# How to clean brake calipers and brackets before rebuilding



## manoweb (Jan 27, 2014)

Hello, I have removed my rear brakes while I was replacing the rear axle bushings.

Now I have got a rebuild kit, new pads and rotors, new lines, all new bolts, you name it. The calipers and caliper brackets are quite filthy, but they seem structurally sound. What is the best way to clean them up and preserve them?


Just spray with WD40 and wipe them
Sandblast
Wire wheel
Acid wash 


If I clean them "too much" I may be removing some protective coating that is left. Maybe, after 20 years, that coating is gone and I should sandblast/pickle them and paint with designated paint. Suggestions?


----------



## Butcher (Jan 31, 2001)

I would never use any type of oil or penetrating oil around a caliper, even if it was for cleaning them. 

Costco make a floor degreaser, it works wonders in a spray bottle, and a trip to the power washer. The last time I cleaned any caliper I used a die grinder, grinding stone, sanding pads, and some sanding discs. Followed by a good coat of epoxy primer and a coat of epoxy red paint.


----------



## petethepug (May 25, 2001)

After they’re painted they look like my 10 year daughters nail paint job after a day at the playground, but stay that way forever. If you’re going that far to do it right powder coat them. 

I take mine a step further. Even p/c gets blaster inside the wheel. After p/c, clear p/c is applied. After that, your good for a decade and they clean up with soapy water back to new. Nothing sticks or diminishes the finish. I only painted callipers once. Too much work for the end product 6 mo later.











Sent from my iPhone using Tapatalk


----------



## KsR_808 (Nov 20, 2003)

petethepug said:


> After they’re painted they look like my 10 year daughters nail paint job after a day at the playground, but stay that way forever. If you’re going that far to do it right powder coat them.
> 
> I take mine a step further. Even p/c gets blaster inside the wheel. After p/c, clear p/c is applied. After that, your good for a decade and they clean up with soapy water back to new. Nothing sticks or diminishes the finish. I only painted callipers once. Too much work for the end product 6 mo later.
> 
> ...


Oooo, yellow. Good choice. 

So with powder coating, is everything on the caliper safe to put in the oven to cure the paint or do things have to come off?


Sent from my iPhone using Tapatalk Pro


----------



## petethepug (May 25, 2001)

Everything has to come off. I purchased a set of calipers for cheap off the classifieds and sent them off to have them rebuilt + yellow p/c + clear p/c and then rebuilt. That shop isn’t around anymore but it was approx $165 + $35 paid for calipers + $25 for xtra set of Corrado carriers to color match the set.

Figure $225 to go from greasy Audi TT Mk I calipers to butter smooth twice p/c, rebuilt to spec, better than new, with hq rebuild parts used.

Every time they’re wiped off with soapy water back to new condition, they’ve paid for themselves.

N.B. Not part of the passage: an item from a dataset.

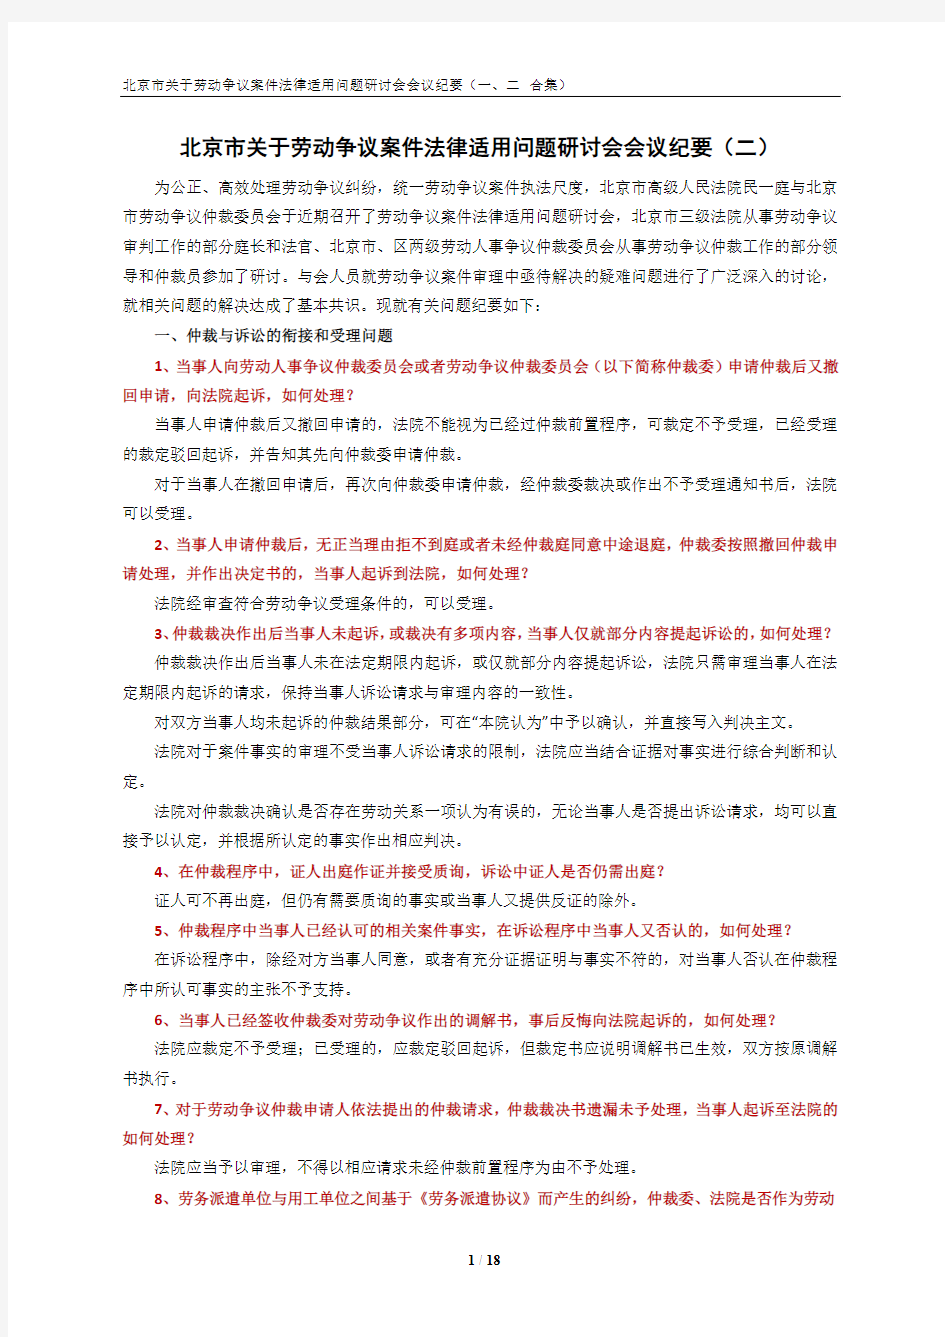 北京市关于劳动争议案件法律适用问题研讨会会议纪要(一、二合集)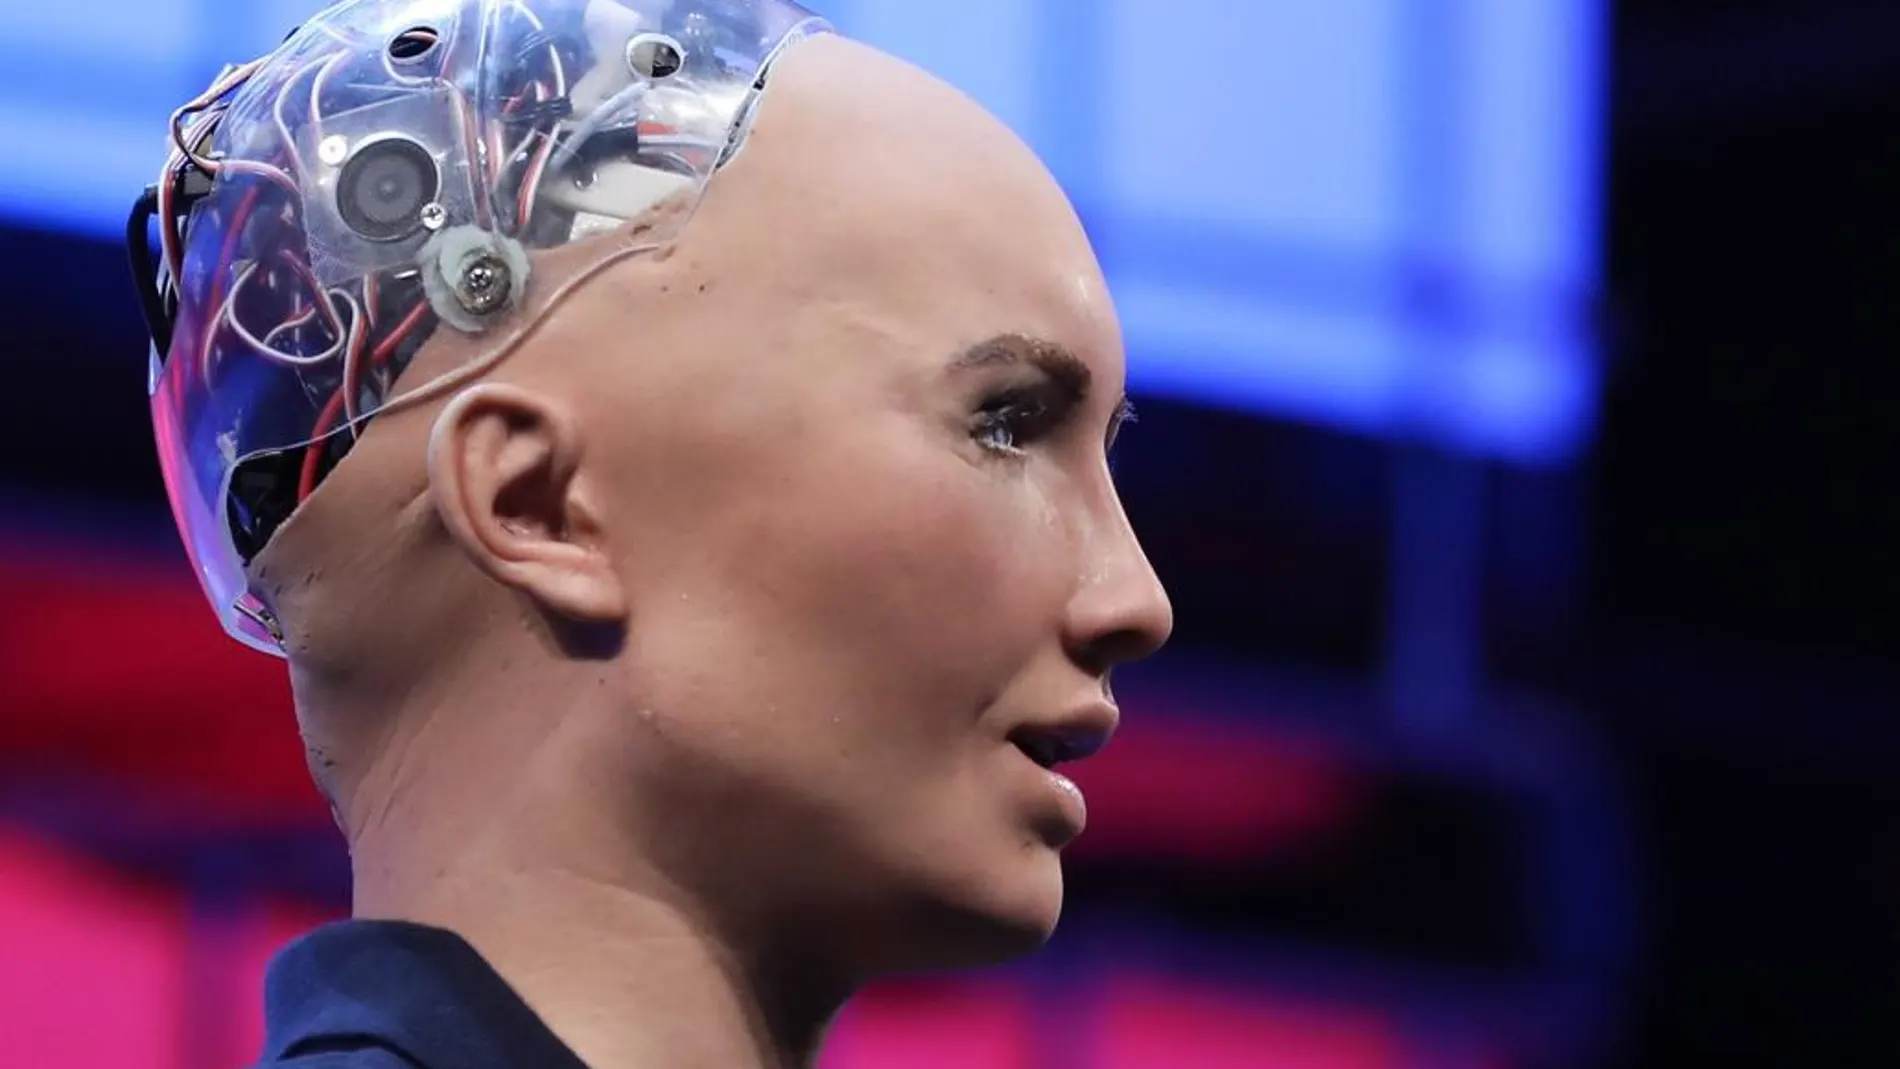 El robot humanoide Sophia, que obtuvo la nacionalidad saudí el pasado mes de octubre, interviene durante la segunda jornada de la Web Summit en Lisboa (Portugal)

Sent from my iPhone using Tapatalk


----------



## manoweb (Jan 27, 2014)

I have used a drill with a wire wheel to clean up the carriers but it's too much work. This evening I have built a small sand blasting cabinet out of cardboard and tomorrow I will sandblast them. I will try with black caliper paint VHT first. I do not have the equipment to do powder coating (maybe I should get it but it's not this day)


----------



## manoweb (Jan 27, 2014)

I started with the caliper brackets, sandblasted, washed with brake clean, sprayed with 3 coats of black VHT and - after drying overnight - cured in the oven for several hours.

The result was in my opinion excellent, I tried to hit them with a air die grinder and a roloc pad and the paint was very tough.

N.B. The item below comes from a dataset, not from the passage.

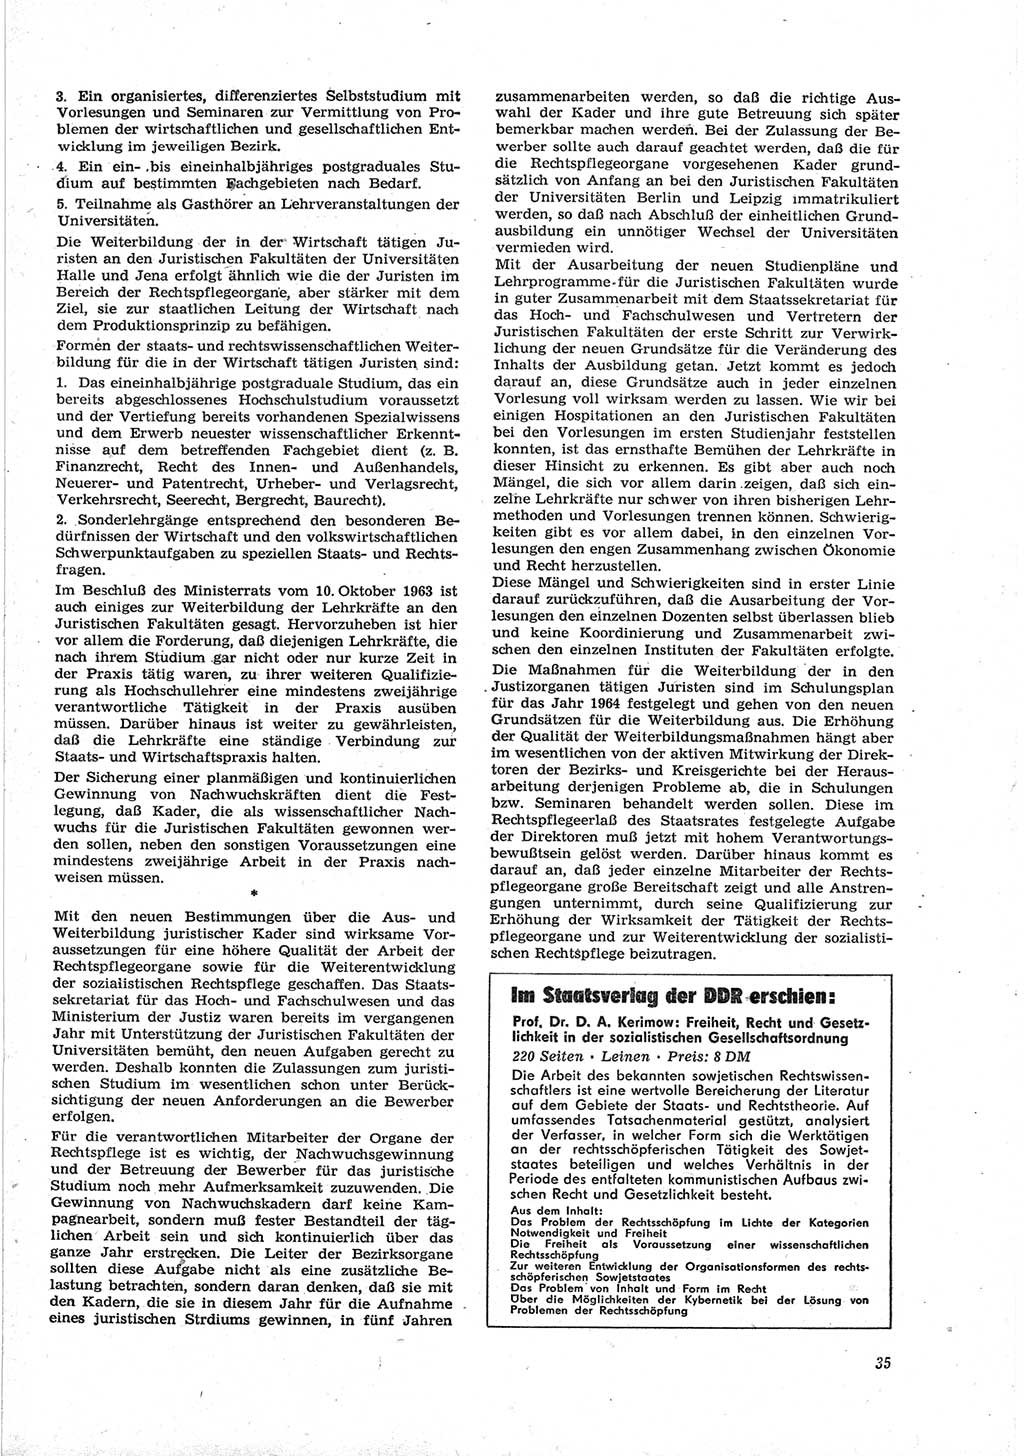 Neue Justiz (NJ), Zeitschrift für Recht und Rechtswissenschaft [Deutsche Demokratische Republik (DDR)], 18. Jahrgang 1964, Seite 35 (NJ DDR 1964, S. 35)

I think I want to proceed with the same for the actual calipers. However I am definitely not sure what to do with the parking brake mechanism:

https://imgur.com/a/PMMiHjE

If I remove that but and torx bolt to separate the parts for sandblasting and painting, will I be able to put everything easily together? I have not found any information online on how that part is made.


----------